Promotional single by Schoolboy Q

from the album Oxymoron
- Released: January 21, 2014
- Recorded: 2012
- Genre: Hip hop
- Length: 5:54
- Label: TDE; Interscope;
- Songwriter(s): Quincy Hanley; Alan Maman; Mark Spears;
- Producer(s): The Alchemist

= Break the Bank (song) =

"Break the Bank" (stylized as "Break tHe Bank") is a song by American hip hop recording artist Schoolboy Q, released on January 21, 2014, by Top Dawg Entertainment (TDE) and Interscope Records, as a promotional single from his major label debut studio album Oxymoron (2014). The song was recorded in 2012 and was produced by The Alchemist. The song has since peaked at number 32 on the US Billboard Hot R&B/Hip-Hop Songs chart.

== Background ==
On January 21, 2014, Schoolboy Q released the "Break the Bank", as a promotional single from his major-label debut album Oxymoron. It was also made available with the pre-order of the album on iTunes. The song was recorded in 2012 around the release of Kendrick Lamar's Good Kid, m.A.A.d city, being one of the older records featured on the album he raps: "Tell Kendrick move from the throne, I came for it," referencing Lamar's recent rise to superstardom. This was one of the first records recorded for Oxymoron.

== Composition ==
The song is a six-minute eerie, rattling song, produced by The Alchemist. The hook which includes the line, "so now we 'bout to break the bank, money be on my mind," sets the tone for the song as Schoolboy Q raps about how he's earned his living. He also counts the spoils of his most recent "rap heist". The production was described as, a "jarring blend of droning piano and old-school, truck-rattling bass" by Consequence of Sound. The music was sampled from "Something is Happening" the fifth track on Man's 1976 album The Welsh Connection.

== Critical reception ==
"Break the Bank" was met with generally positive reviews from music critics. David Jeffries of AllMusic called it an accessible highlight of the album. Lizzie Plaugic of CMJ referred to the song as one of the album's essential tracks. Michael Madden of Consequence of Sound named it one of the album's best tracks saying, "The most ambitious moment on Oxymoron, is the six-minute “Break the Bank”. Produced by The Alchemist, who hasn't had a better, higher-profile showing this decade, it's all inchworm piano runs and vinyl crackle, taking the 'If you ain’t talking money...' cliché to new heights. The song starts as an ode to the promises of wealth. [...] It's a wildly drunk-sounding song, but it's all sober thinking." Jason Lipshutz of Billboard said, "ScHoolboy Q's lock-step rhyme schemes and ping-ponging intensity -- every time you think he's about to fly off the handle, he dials his energy back down and powers up for another peak. Q is less concerned with fashioning a radio hook here than nailing the internal rhymes of the second verse, but he accomplishes his goal and then some."

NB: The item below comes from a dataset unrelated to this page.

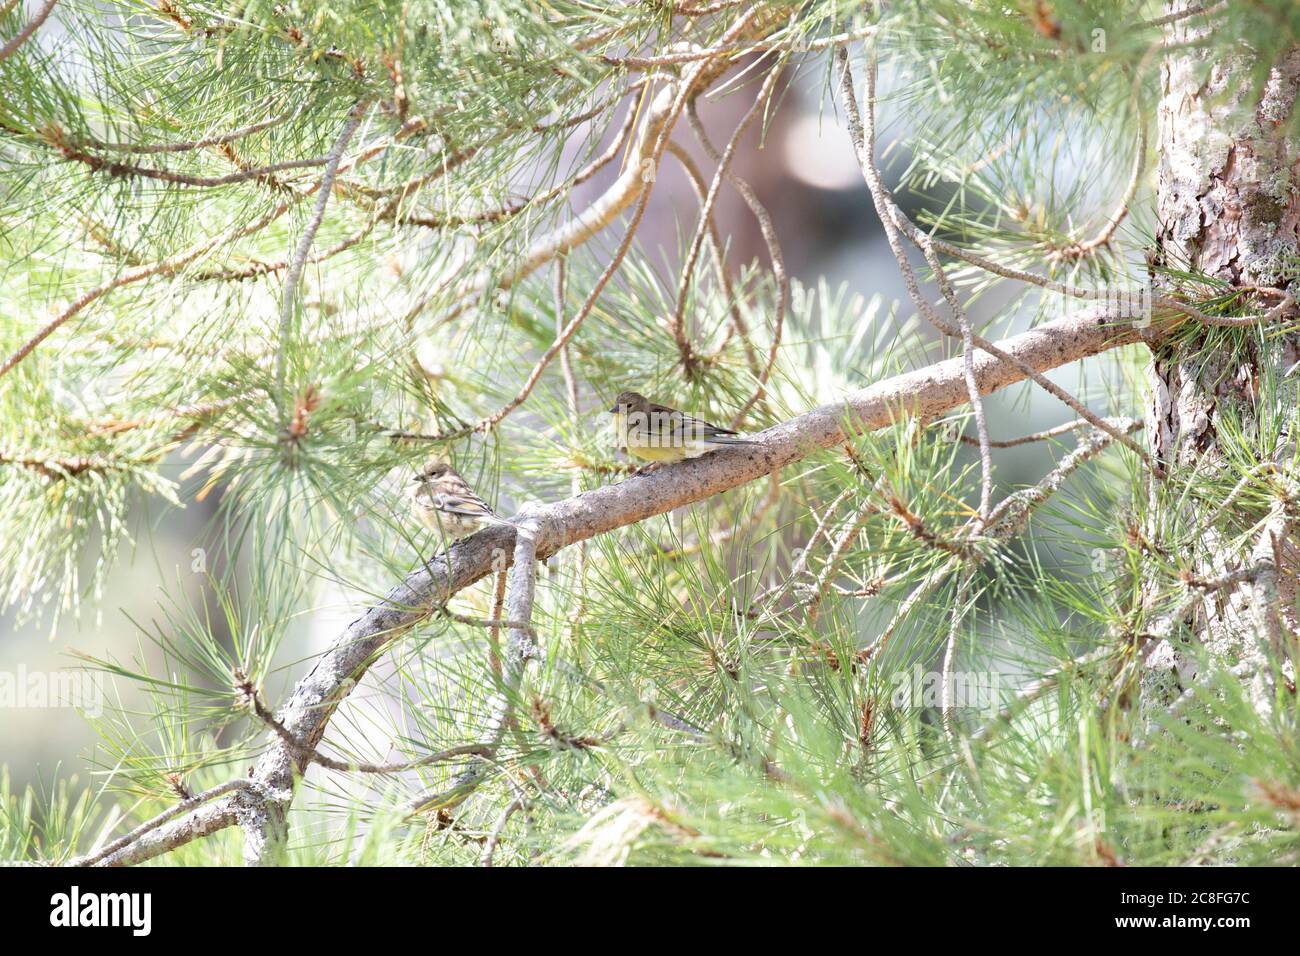 Corsican finch, Corsican citril finch, Mediterranean citril finch (Carduelis corsicana, Carduelis corsicanus, Serinus corsicana), two Corsican finches sitting on branch in a pine tree in mountain forest, France, Corsica Stock Photo
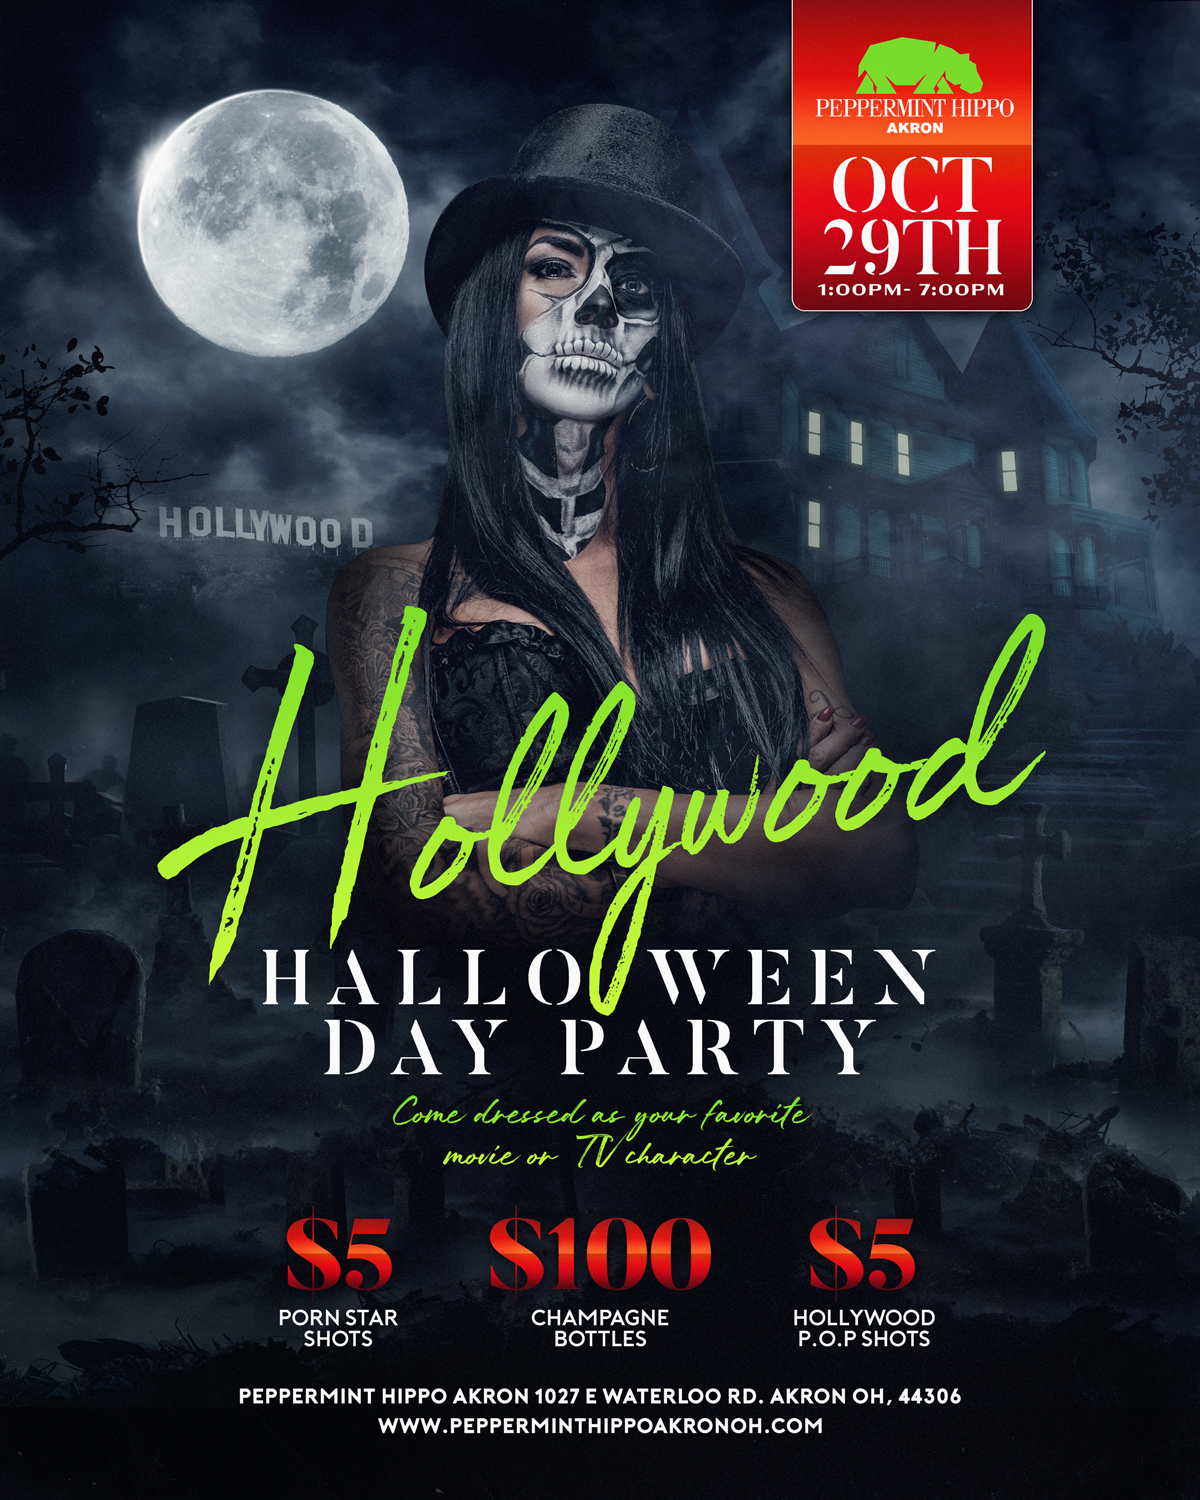 Hollywood Halloween Day Party

Josiah Hughes of Exclaim! called it a "hard-hitting hip-hop throwback" that puts "the rapper's high-energy delivery on display." Maya Kalev writing for Fact praised the song's production. Craig Jenkins of Pitchfork Media said the song, "follows suit in affixing the happy ending to Oxymoron’s war stories while serving up the album’s most memorable hooks."

Complex named it the twenty-seventh best song of the first half of 2014. Angel Diaz commented saying, "This beat is monstrous. [...] Those drums and the piano in the faint distance are just filthy. And ScHoolboy goes the fuck off on this track, making it hard to play this song only once. It's also very hard not to break your neck when this joint comes on."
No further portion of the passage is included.